As for hides, my god, how does your snakes fit in the medium RBI hides lol? I got the larges and my BP girl is about 4' and 1680g and she fills that hide up. half the time you see part of her hanging out lol. And the retic is 4' and he takes up about half the large hide although he does like to sit with his face in the door way of the hide lol. Then whenever someone walks by his cage, he instantly pops his head out like a jack in the box lol. I cant believe how much he eats. it's been 3 days since he had 2 small rats and today I opened his cage to do the sniff test for a piss and he shot out of his hide like a freakin bullet and perched on the lip of the cage looking for dinner. When nothing was in smell distance, he backpedaled into the hide and I was able to lift the hide and pick him up and find the secret pee he left and spot clean it. I'm expecting a nice present tonight or tomorrow as he has a nice sausage butt going lol.

----------


## CloudtheBoa

So I remeasured the hides...I got the MEDIUMS from LLLReptile, so they're slightly bigger, and I got the large hides from RBI.  I guess I got confused on which was which. Lol

This is the ball python in the medium hide from LLL.  The flares at the bottom sit at 12", the top is  right around 10".  He currently weighs 1,245 grams but is normally 1,380.  Thinking of moving him to weekly from 2 weeks since he still hasn't gained all his weight back.  Can't move up prey size as he begins refusing after two mediums in a row.

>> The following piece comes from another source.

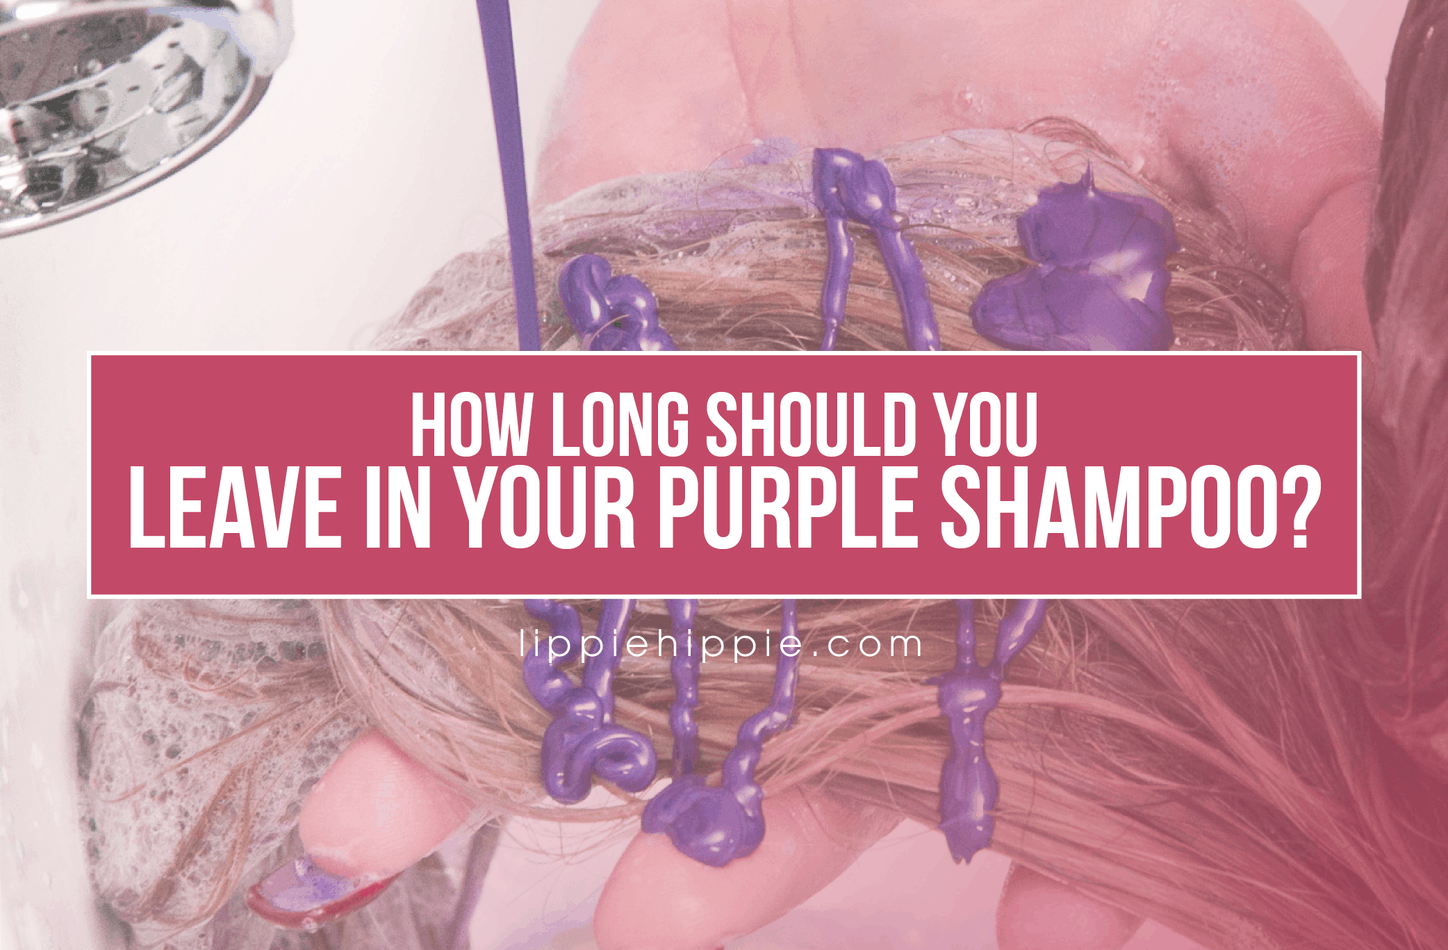 How Long Should You Leave In Your Purple Shampoo? How To Get Purple Shampoo Stain Out Of Shower

Sent from my iPhone using Tapatalk

----------


## Sauzo

Haha yeah my BP girl doesn't like to eat medium rats either. She eats a couple and then quits eating as well. I just feed her a small rat every 5-7 days, about the same schedule as Caesar. She pounds the small rats. Kind of funny your BP is the same way.

As for the hides, looks like LLL medium hide is the same size as the RBI large hides. Think the RBI large ones are 13x10x3. So that makes sense as to why mediums work still lol.

----------


## CloudtheBoa

> Haha yeah my BP girl doesn't like to eat medium rats either. She eats a couple and then quits eating as well. I just feed her a small rat every 5-7 days, about the same schedule as Caesar. She pounds the small rats. Kind of funny your BP is the same way.
> 
> As for the hides, looks like LLL medium hide is the same size as the RBI large hides. Think the RBI large ones are 13x10x3. So that makes sense as to why mediums work still lol.


Lol it does say Vivarium Electronics on the inside so either I'm still getting it mixed up or I got a different size when I ordered. :/ Still with how much room the BP has in this I might try a medium one.  Depends on how he fits when he's back up to weight.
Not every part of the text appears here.